For my safety I kept it very vague, whenever I mentioned regards to my health. But I now feel the need to share and inquire. I've had epilepsy since I was an infant, and had 8 seizures at different times over the years to present day. After 3 grand mal seizures in 2021, I now fear my seizures more than I fear people, animals, or bad spirits. But I have enough mental resilience to continue living and improve my well-being.
What I am wondering though, is what does it mean when an infant has so much bio-electricity?
Is it purely a physiological matter, or was I born spiritually powerful?
I have always been interested in the occult and spiritual subjects of life and death.
Had a few legit witch moments as a child, too.
I have a cyst in my frontal lobe, but I had a night terror/sleep-walking stair-fall accident in 2017, so it is impossible to tell if I had this cyst since birth or from that accident. So the cyst can explain a lot about my personality (overall good, just struggle emotionally with how unfair life and people can be) and epilepsy.
During one seizure in 2017, I had a near-death out-of-body experience, my astral body being carried to where my body was in a hospital. Two spiritual beings carried me by my arms, and my astral body felt so exhausted, too weak to turn to look at who they were.

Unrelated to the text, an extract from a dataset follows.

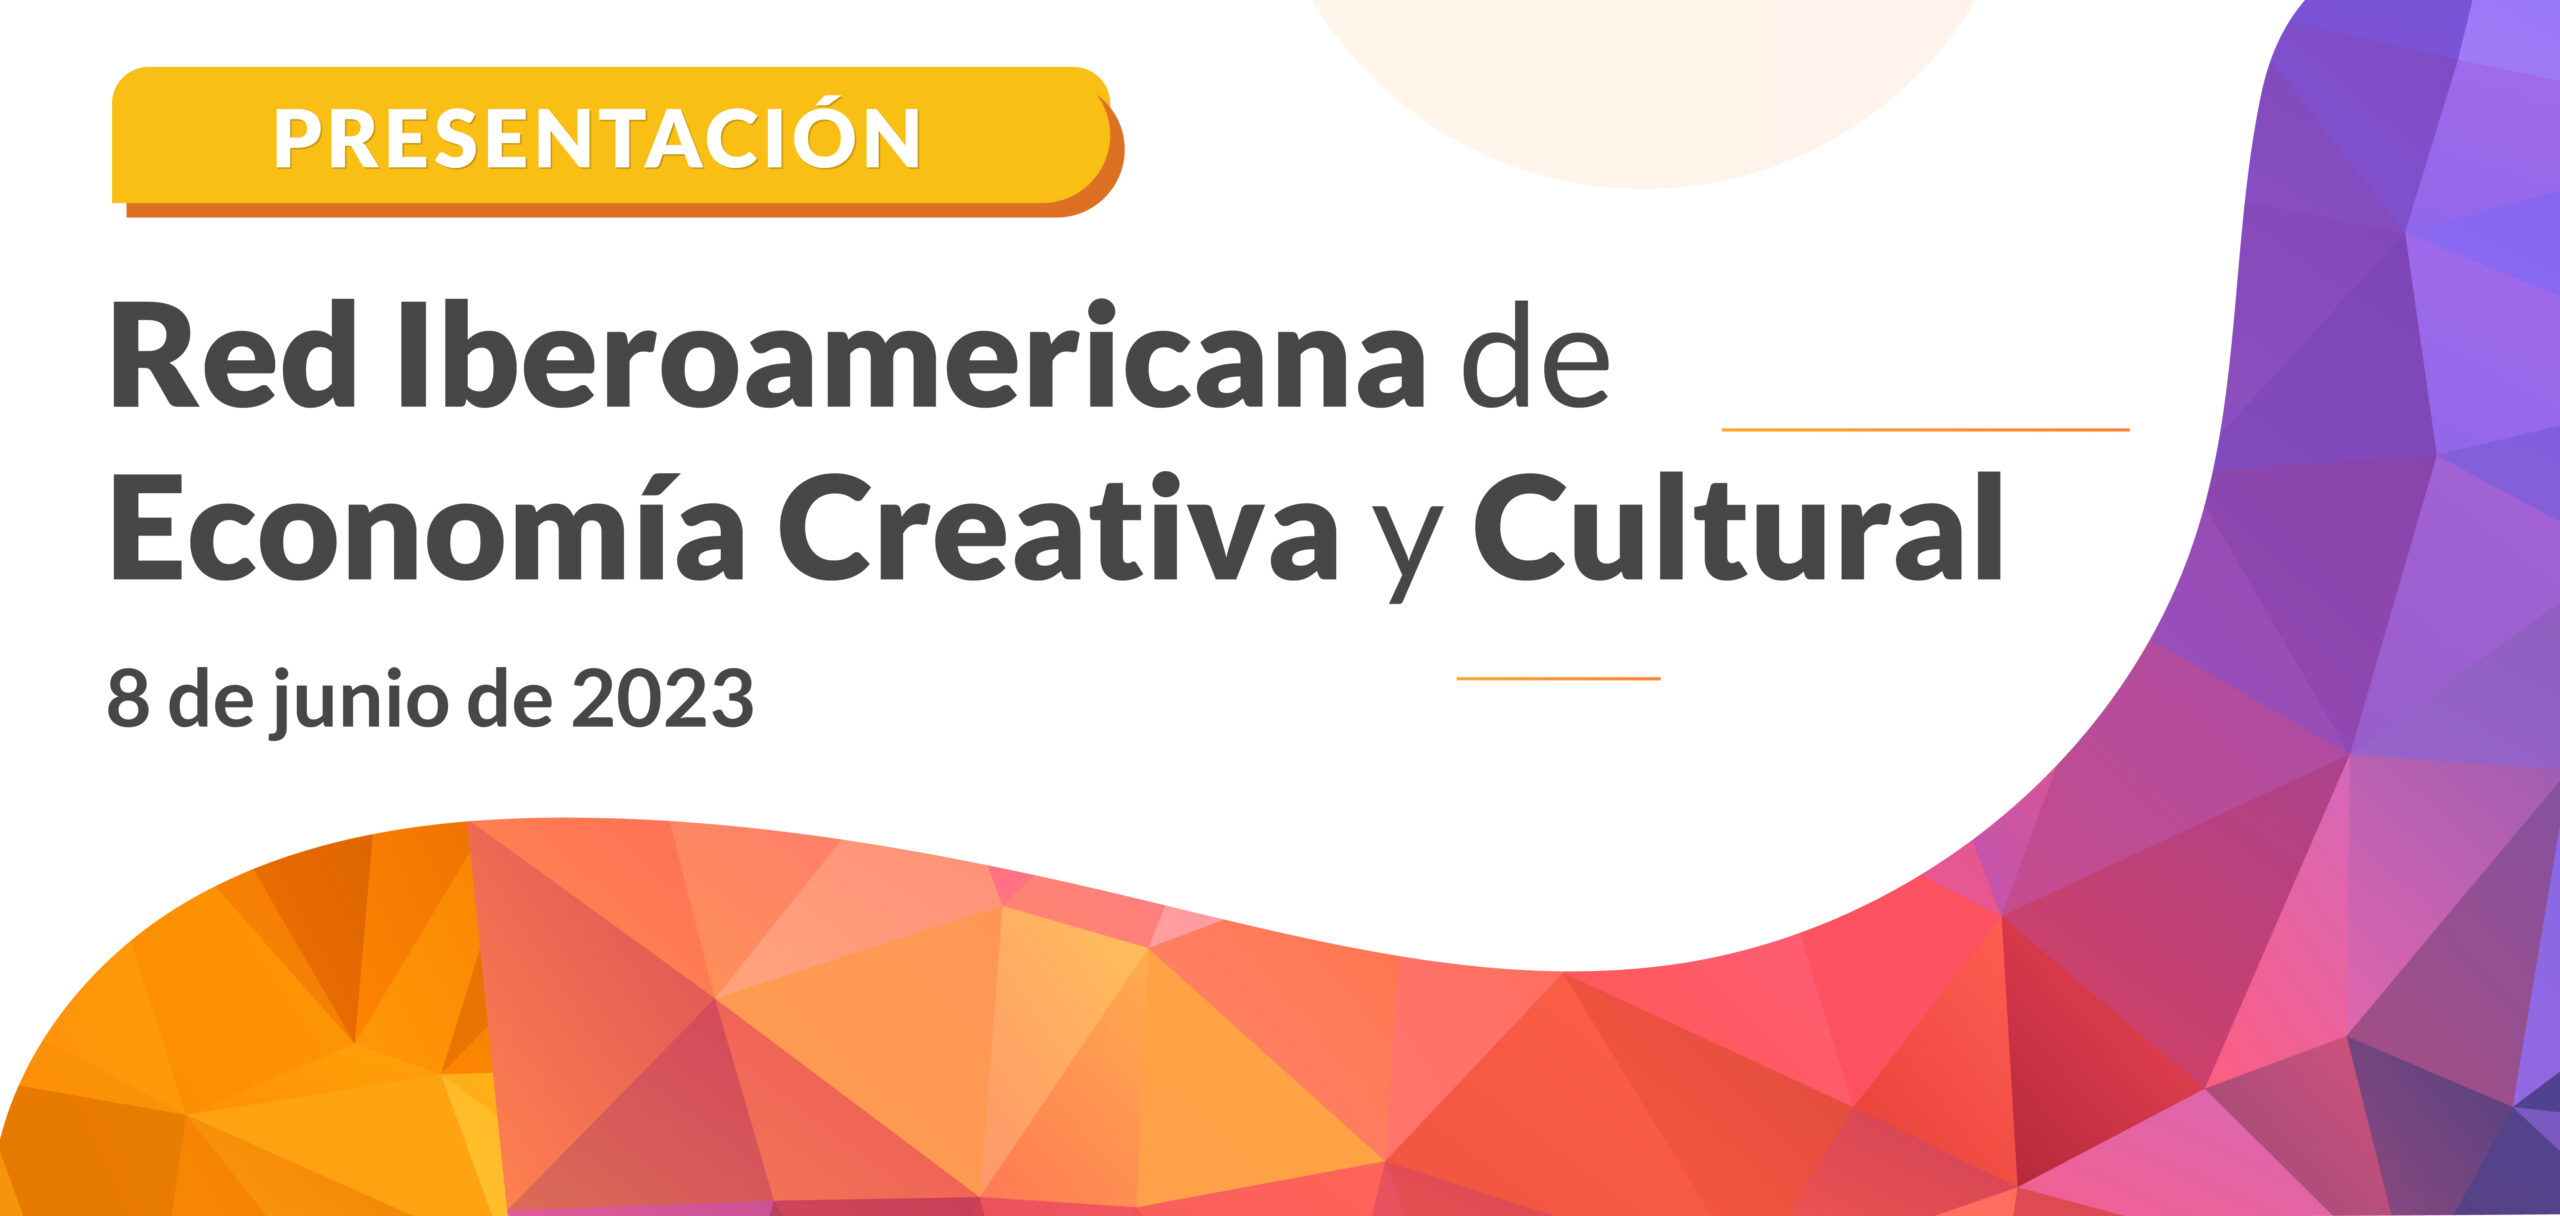 La Cátedra IARICC lidera la Red Iberoamericana de Economía Creativa y Cultural

On September 22, 2021, I had an epileptic aura, held off the seizure, called an ambulance and went outside to it myself. Then seized in the ambulance after I distressfully explained why I called. I woke up to this painting (my avatar) on the ceiling panel above me in the emergency department. It was a beautiful, long wavy haired, pale-skinned woman. I knew it was Lilith. My initial connection to her, was my respect for her as being one of the first feminists to walk away from an unworthy man. Over time, I began telepathically hearing a gentle, motherly voice. It is so quiet, because the gods know I would dread wondering if I am or if I became schizophrenic.
But anyway, I also have come to realize the much bigger picture as to /why/ I have epilepsy and /why/ I have this anti-convulsant pill. My epilepsy made my parents protect me from people taking advantage of me while seizing or unconscious. My epilepsy made my parents read books to me at a young age, why I am so good with words. As cursed as it feels, I realize it is part of Satan's plan for me in this incarnation.
My medication is meant to prevent psychiatrists from ruining me with prescription drugs incompatible with this anti-convulsant. It is to prevent me from mentally falling apart over the emotional and mental pain people have caused me over the years... I say this, because it also treats bipolar and schizophrenia in other people. So I might be killing 3 birds with one stone and not know it. I am so blessed by Father Satan and empowered by Mother Lilith. I know what the end of my life will most likely involve. But for now I will enjoy life and continue my spiritual studies.
I do want to have the power of meditation to heal me of my epilepsy, but it is too risky for me to quit my medication. I tried and had a seizure. Too many doctors these days are incompetent as to how to naturally remedy epilepsy. I just hope my epilepsy does not make me any less of a spiritual Satanist.